#### [Requirement]
Copy every entry below verbatim, except for images.

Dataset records
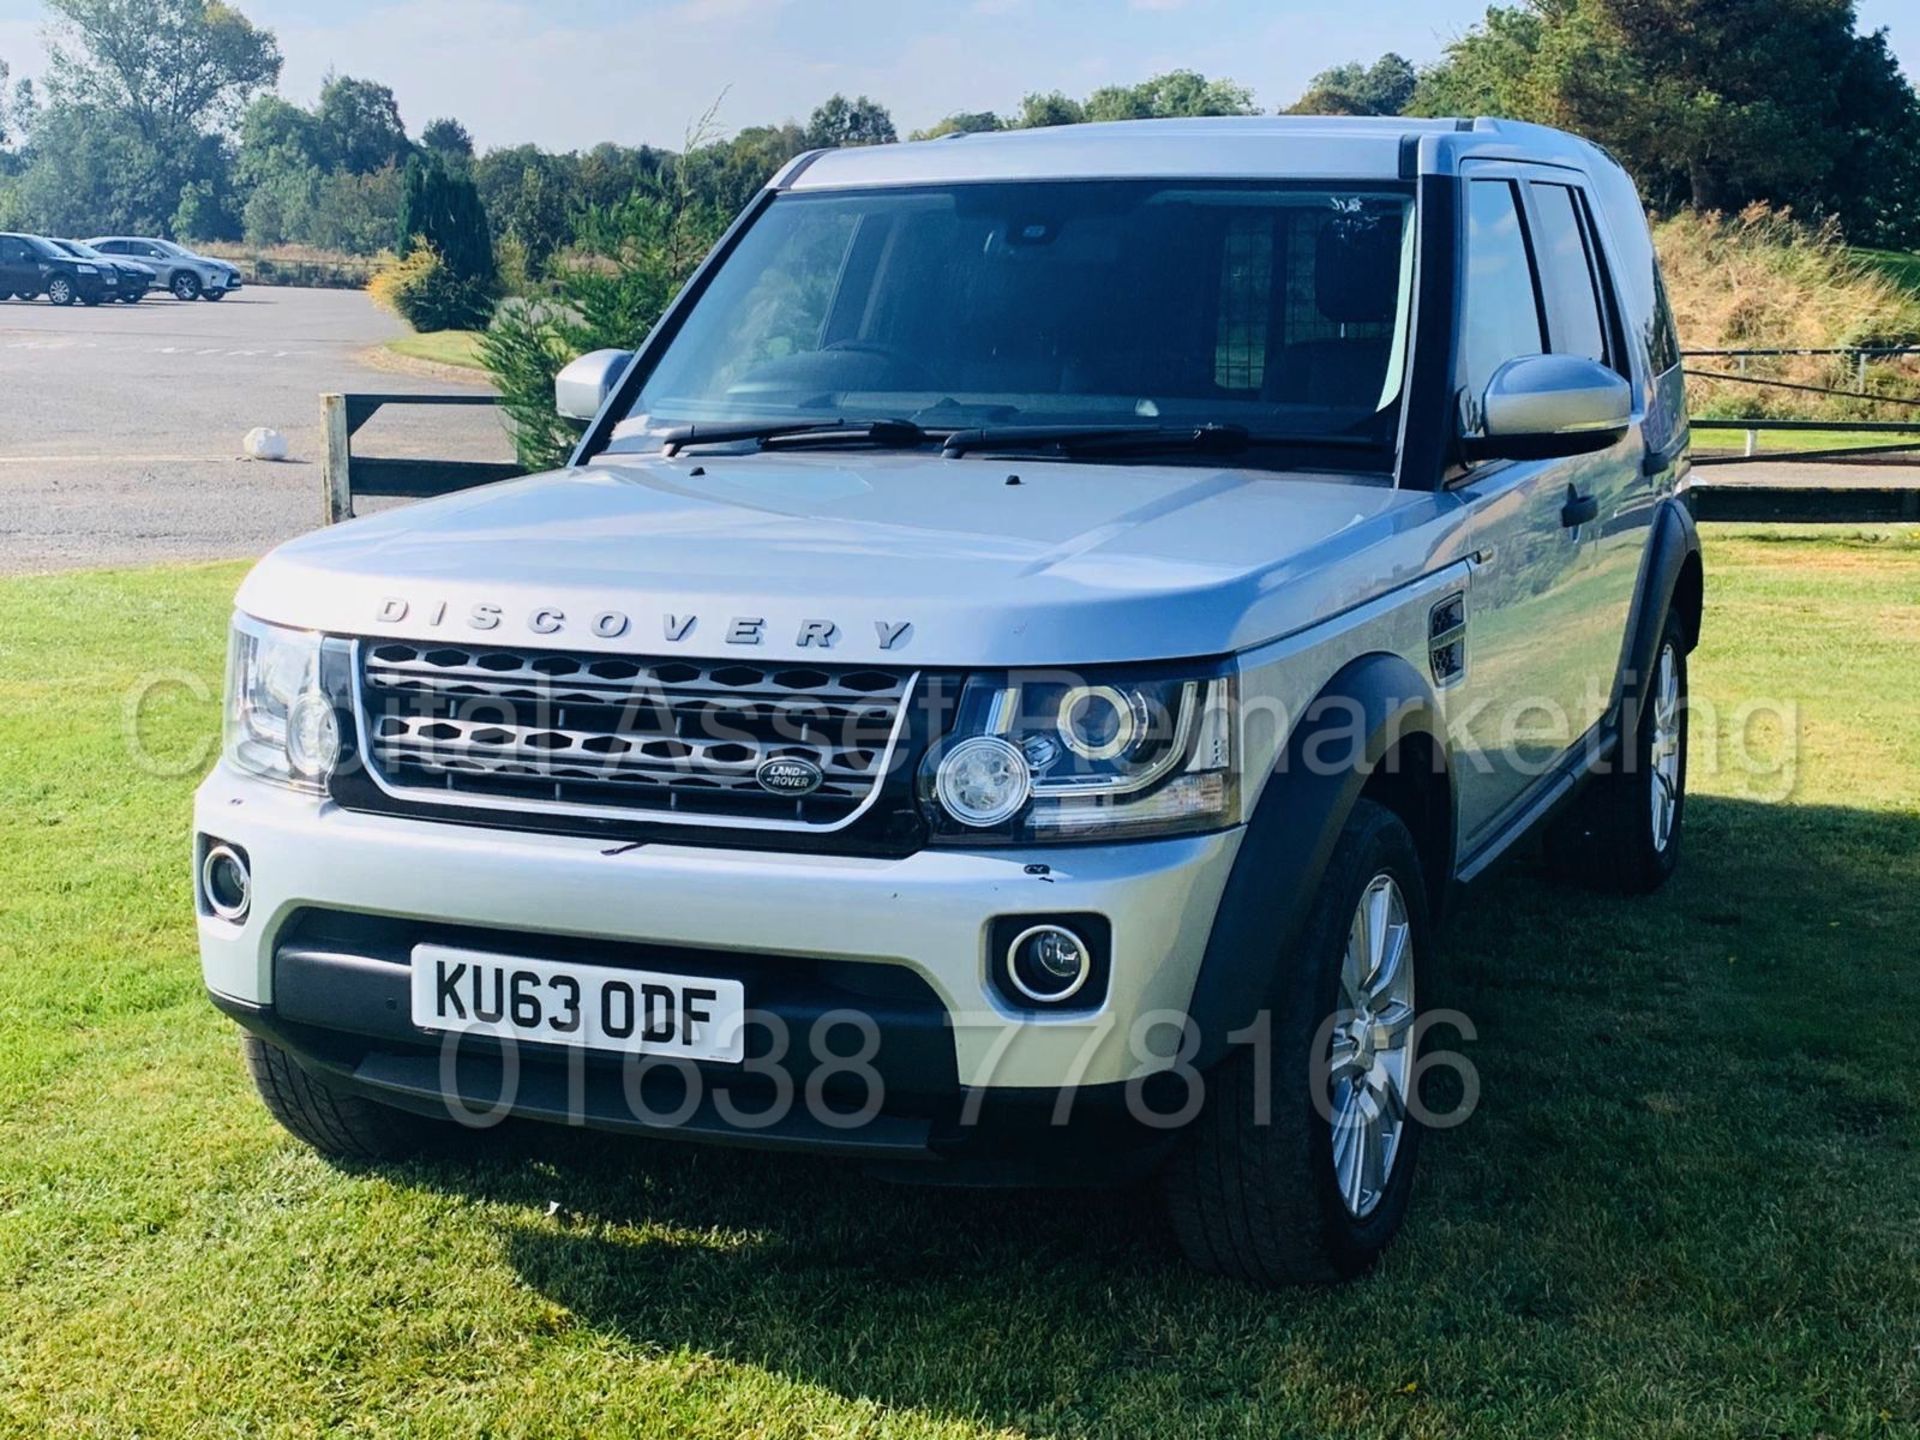 LAND ROVER DISCOVERY *XS EDITION* (2014) '3.0 SDV6 - 255 BHP - 8 SPEED AUTO' *LEATHER & SAT NAV* - Image 2 of 50
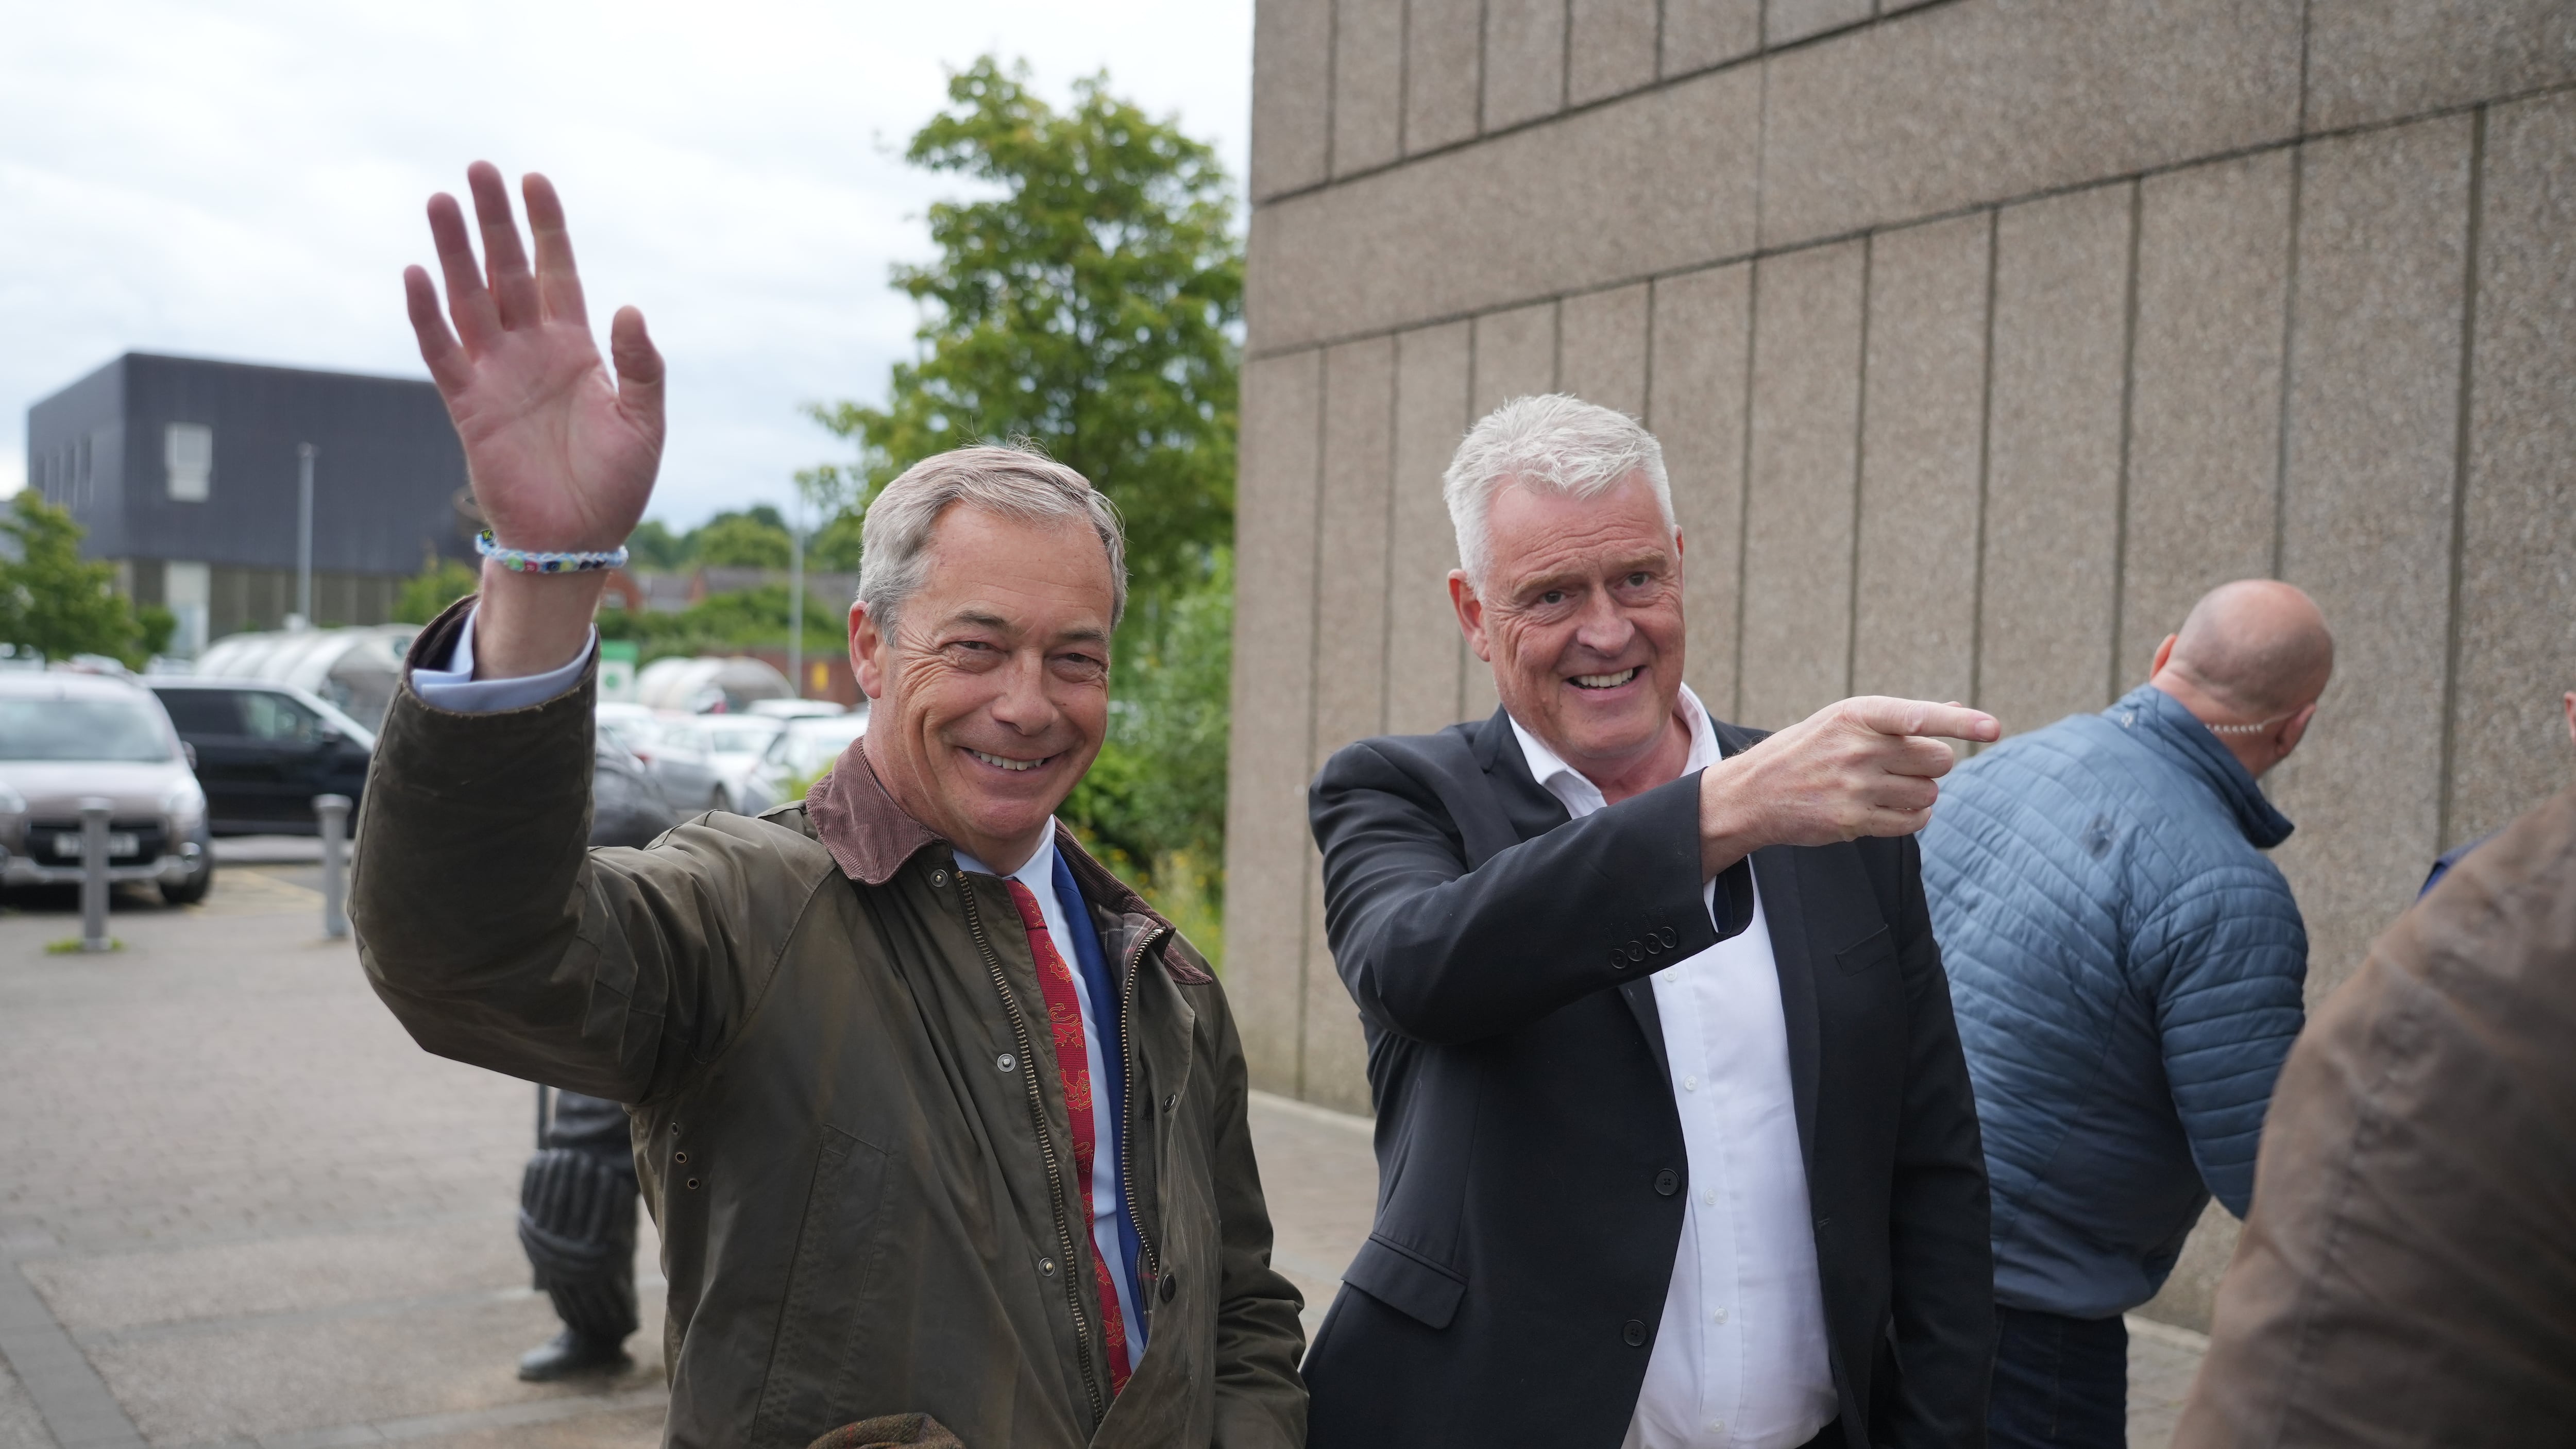 Reform UK leader Nigel Farage and Lee Anderson, Reform UK parliamentary candidate for Ashfield, in Ashfield, Nottinghamshire
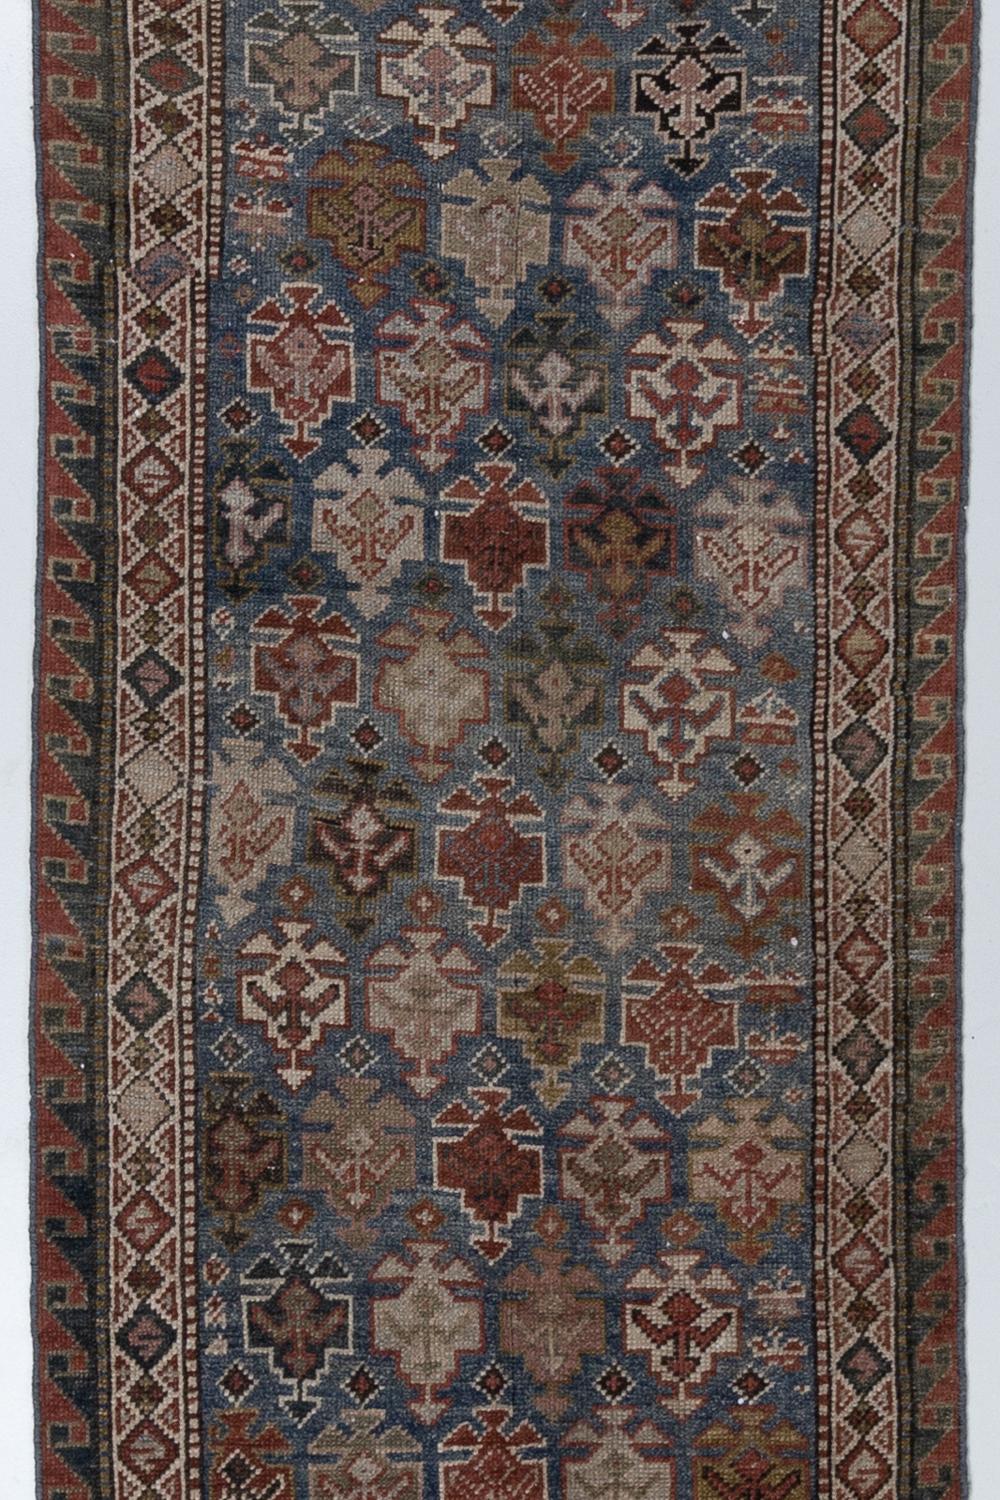 Age: late 20th century

Pile: Low

Wear Notes: 1-2

Material: Wool on wool

Excellent condition antique Persian runner with a blue field and geometric floral motif.

Vintage rugs are made by hand over the course of months, sometimes years.

#### [Written response]
 LAND ROVER DISCOVERY *XS EDITION* (2014) '3.0 SDV6 - 255 BHP - 8 SPEED AUTO' *LEATHER & SAT NAV* - Image 2 of 50
 Reform UK leader Nigel Farage and Lee Anderson, Reform UK parliamentary candidate for Ashfield, in Ashfield, Nottinghamshire
 Age: late 20th century

Pile: Low

Wear Notes: 1-2

Material: Wool on wool

Excellent condition antique Persian runner with a blue field and geometric floral motif.

Vintage rugs are made by hand over the course of months, sometimes years.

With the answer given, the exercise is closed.